What is a password manager? Here’s why you should be using one
Joe Hindy / Android Authority
The internet in 2021 will be a very different place than it was a decade ago. Gone are the days when you only visited a handful of websites, all neatly organized in your browser’s trusted bookmarks manager.
Nowadays, you are much more likely to visit dozens of unique websites within hours and, in many cases, sign up for a new account as well. According to several surveys, the average internet user has between 50 and 200 online accounts. The disadvantage? Most of us have at least one of these unknowingly compromised or injured in the past few years.
Password managers generally claim they protect our accounts and improve online security, but how effective are they really and should you bother?
What is a password manager?
Put simply, a password manager is an app or browser extension that generates a uniquely complex password for each of your online accounts. Your access data will then be saved in a “safe” and can be accessed using a single master password, which you should keep as secure as possible.
I know it’s hard not to be a little skeptical. When I first found out about password managers, I too was concerned that keeping all of my credentials in one place could be potentially dangerous. What if the password manager itself is somehow compromised?
However, after doing some research, I learned that pretty much every password manager uses zero-knowledge encryption. This means that no one can access your data without the vault’s master password, not even the tool’s developers or the companies that host your encrypted data.
Connected: What is encryption Here is everything you need to know
However, I was hesitant to switch to password managers for a much more personal reason: muscle memory. You know, if I just remembered a set or two of credentials, I could log into my accounts incredibly quickly. Password manager couldn’t be faster or more convenient, right?
Fortunately, I was wrong. Password managers automatically enter your login details for you, even on your mobile phone. This can also protect you from password-stealing viruses eavesdropping on your keystrokes.

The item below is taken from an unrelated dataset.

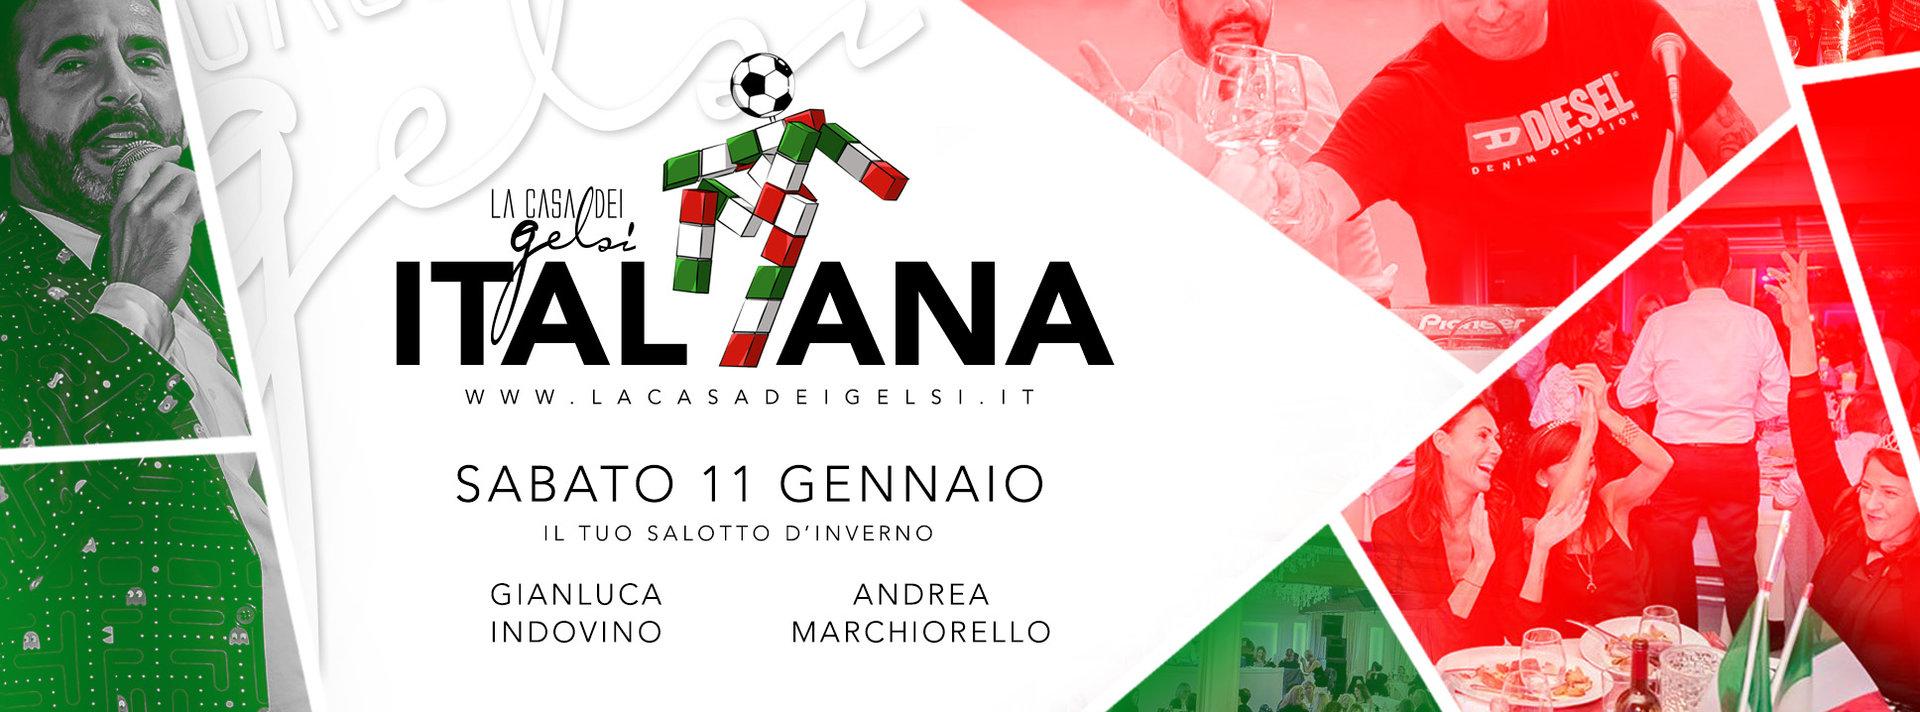 Italiana - 11 gennaio 2020
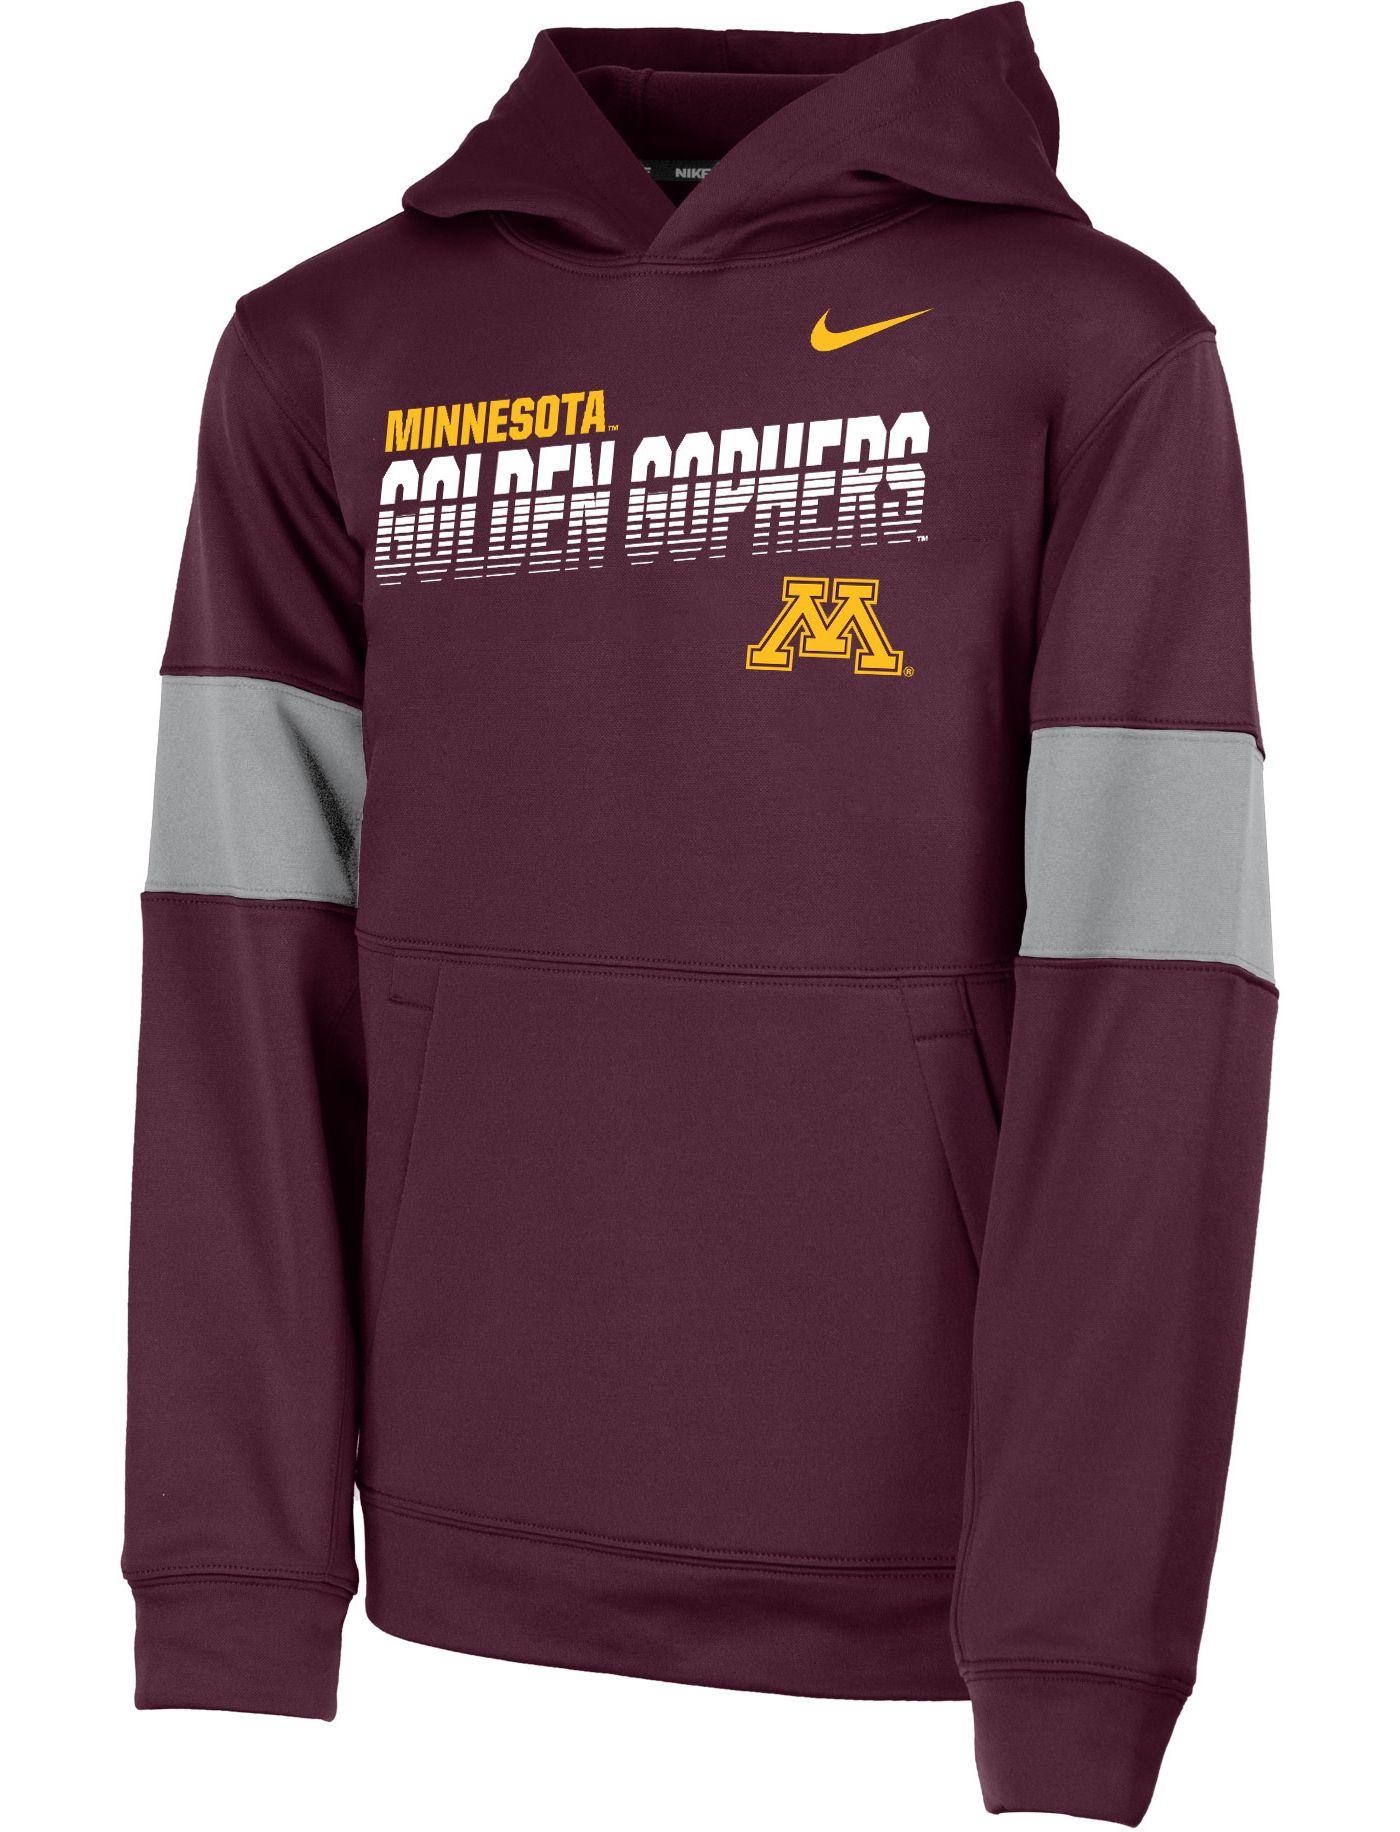 Nike Youth Minnesota Golden Gophers Maroon Therma Football Sideline Pullover Hoodie

What really forced me to adopt the password manager lifestyle in the end was to discover how many of my own accounts had already been compromised. According to Have I Been Pwned, my email has been involved in at least 14 data breaches over the years, including a well-documented MySpace password leak from the late 2000s.
Also read: My phone scared me to change my passwords
If you re-use passwords – as I admittedly did earlier – even a compromised account can doom for your online security, let alone 14. This is because in theory anyone can use your stolen or leaked credentials to log in to log in to other unbroken websites. This low-tech infiltration technique, known as “credential stuffing,” has proven incredibly effective in recent years.
And if you don’t think your password will be picked out, think again. Within hours of Disney Plus launching in November 2019, thousands of compromised accounts have been sold on public forums. Netflix and Spotify accounts have also fallen victim to credential stuffing.
he_ad_placement id = ”Newsletter registration”]
How to choose the right password manager
With this grim reality in mind, which password manager should you trust with your login credentials?
Well, almost every major web browser these days has basic password management features. In practice, however, if you use a lot of different devices, you will likely want something that is available on multiple platforms and is also browser independent. Dedicated password managers do just that, along with a few other features like the ability to share a login with your family members or colleagues.
Some premium services like Dashlane and LastPass can also automate the process of changing your password for you. However, this feature only works on a handful of websites so personally I never gave it much consideration.
See also: Dashlane vs LastPass: The Ultimate Password Manager Showdown
In addition, such additional functions are usually locked behind a monthly subscription. Dashlane charges a whopping $ 4 a month, while Lastpass is just a little more modest at $ 3. It’s worth noting that you also need these premium tiers for unlimited syncing across devices. This can be frustrating as you end up paying for frivolous features (like a full blown VPN in Dashlane’s case) even if you don’t want to use them.
If you’re just looking for a sturdy password vault and nothing else, consider open source options like Bitwarden or KeePass. As community-led projects, both offer generous (and usable) free allotments and have been extensively reviewed by the developer community. Hosting them yourself is also an option for the privacy conscious among us.
As with many open source tools, their development can sometimes be a little slow compared to the competition. Still, I’m more than willing to sacrifice privacy and stability features.
Beyond password management
With these measures, you can rest assured that no single hack has the potential to compromise your entire digital identity. If you care as much about a good night’s sleep as I do, the utility of password managers in 2021 is easy to see.